The Nearby API is also a good answer to a hard problem: putting proximity features into smart devices at the operating-system level instead of at the app level. Through Nearby Messages and Nearby Connections, Google is looking to own the data flow from beginning to end.

The Internet Of Things Is Where The Money Is

Google knows that the Internet of Things is going to be where the money for the Internet is, in a few years’ time. In order to be there in the future, it is running hard at its target now. 

For a young company like ours, in a space that’s attracting attention from companies as big as Google and Apple, you know you’re doing something right. It’s also kind of scary. Do we all really want to give Google even more data points about our lives?

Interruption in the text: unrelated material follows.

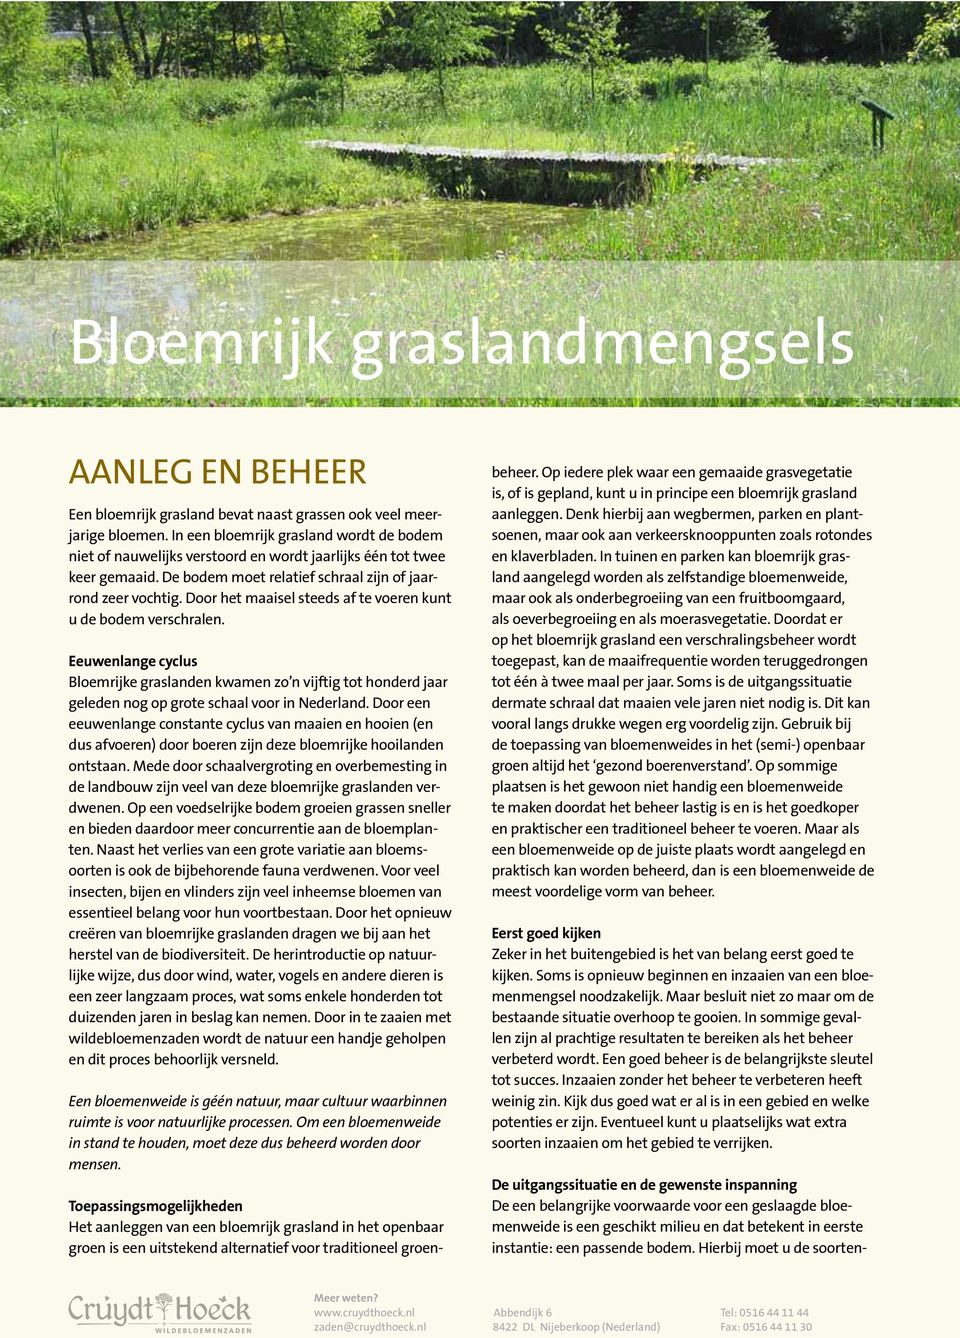 Door het maaisel steeds af te voeren kunt u de bodem verschralen. Eeuwenlange cyclus Bloemrijke graslanden kwamen zo n vijftig tot honderd jaar geleden nog op grote schaal voor in Nederland.
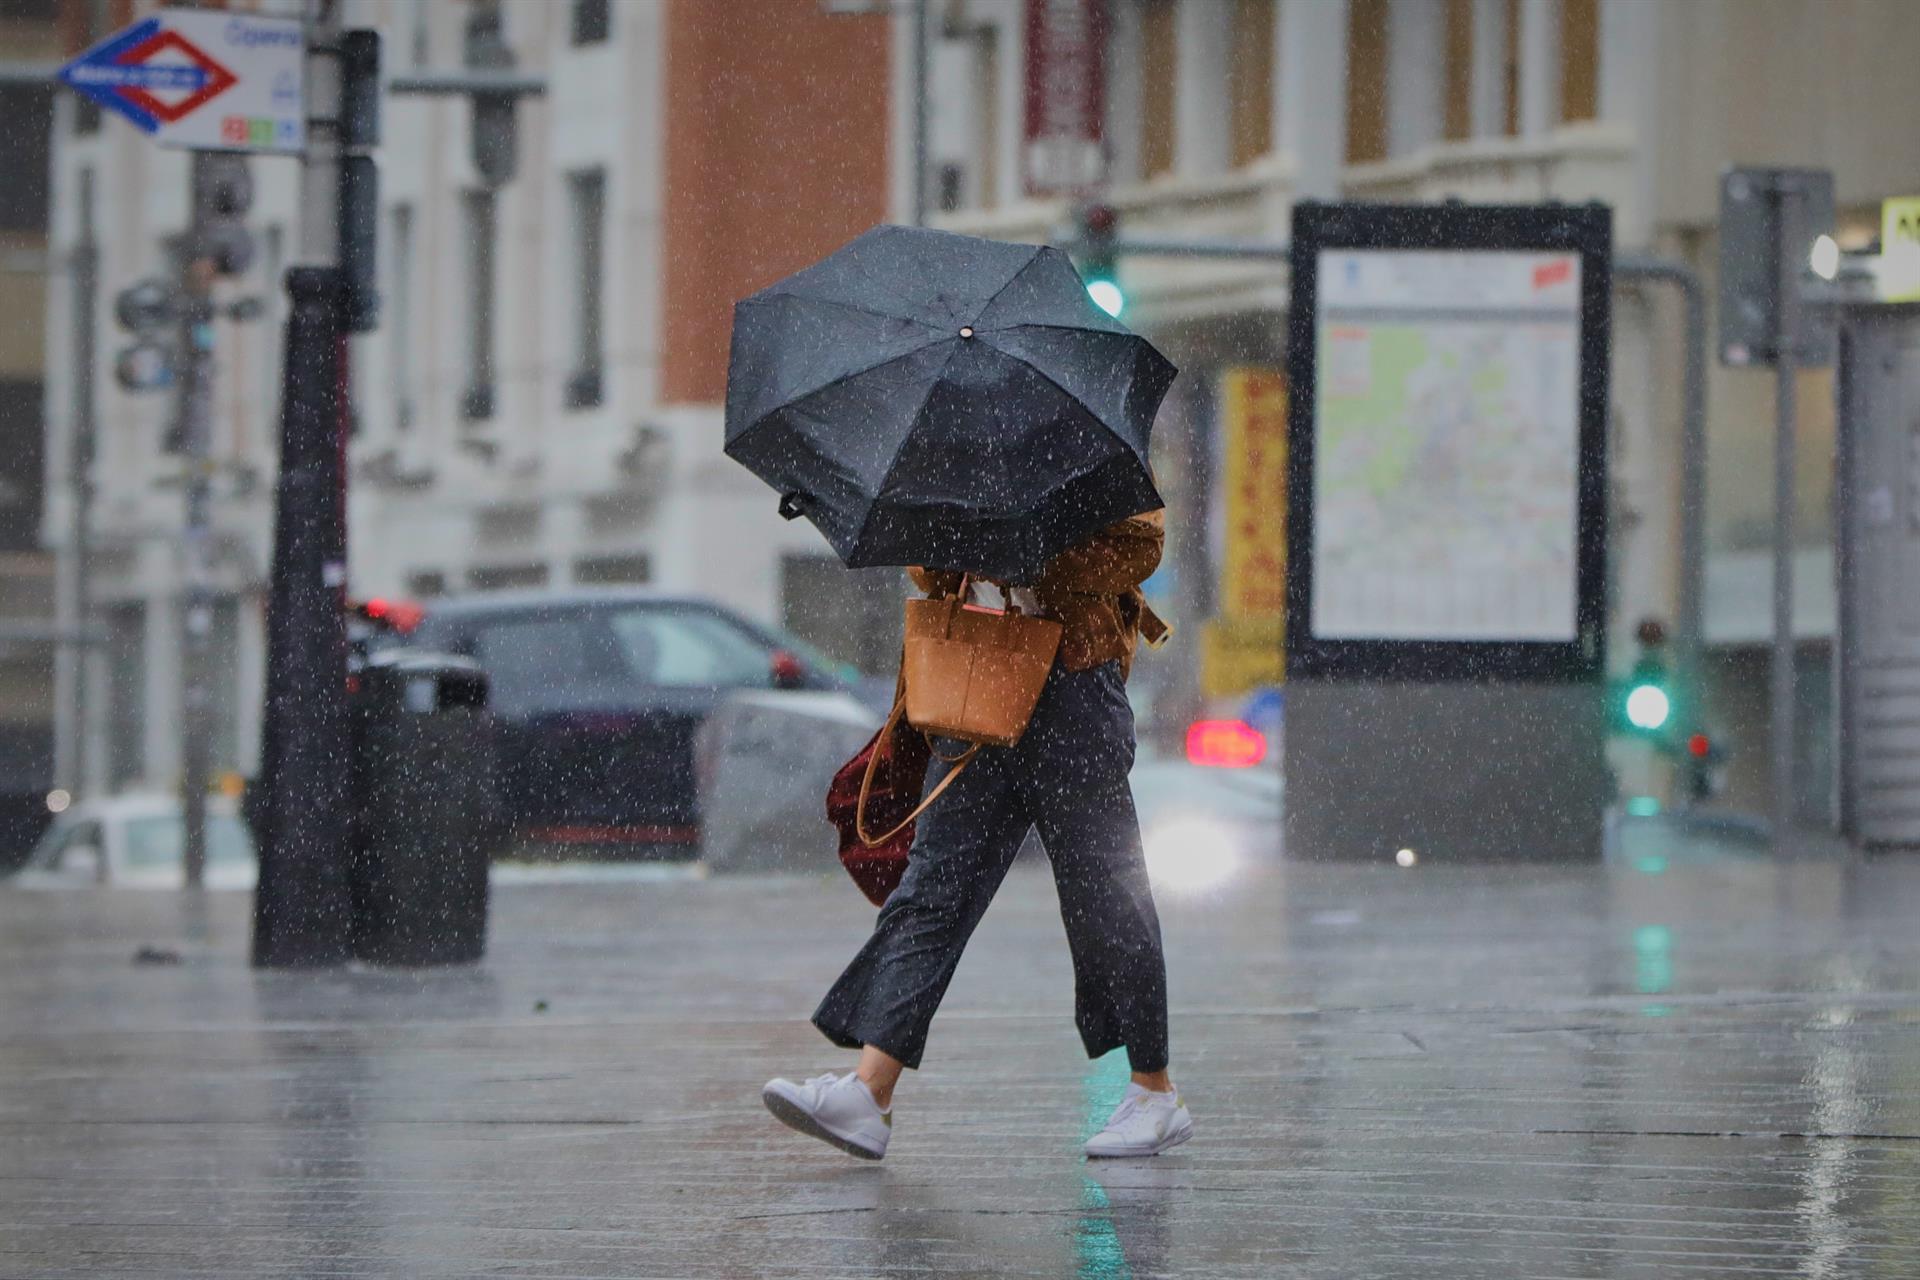 Una persona camina por el centro de la capital en una jornada marcada por las lluvias y la bajada de temperaturas, en Madrid, (España). - Jesús Hellín - Europa Press - Archivo

Eddystone represents a big jump forward in what you can expect from the Internet of Things. For the Internet of Things to reach the kind of saturation point that it needs to transform our lives in the manner which the Internet itself did, it needs to be ubiquitous. By building a complete framework that expresses how you broadcast data from Bluetooth Low Energy beacons (Eddystone format), where this data resides (the Proximity Beacon API), and even how to present that data to smart devices (the Nearby API), there’s one coherent framework for the Internet of Things to operate on. 

This improves how developers will create experiences across platforms and makes it easier to create an endless stream of proximity data for our devices to interact with.

So how does this bring ubiquity? If, as many expect, Google natively supports Eddystone in Android M, developers will get the ability to push notifications to someone’s smartphone through the Nearby API. Their apps can also take into account what the user’s smart device has been doing (like searching for a given term or getting directions to a specific place) and present relevant data to users with virtually no effort on their part. 

By putting a native integration into the most popular mobile operating system in the world, Google will create a huge demand for beacons and smart-device interactions, and will hugely increase the beacon installations around the world.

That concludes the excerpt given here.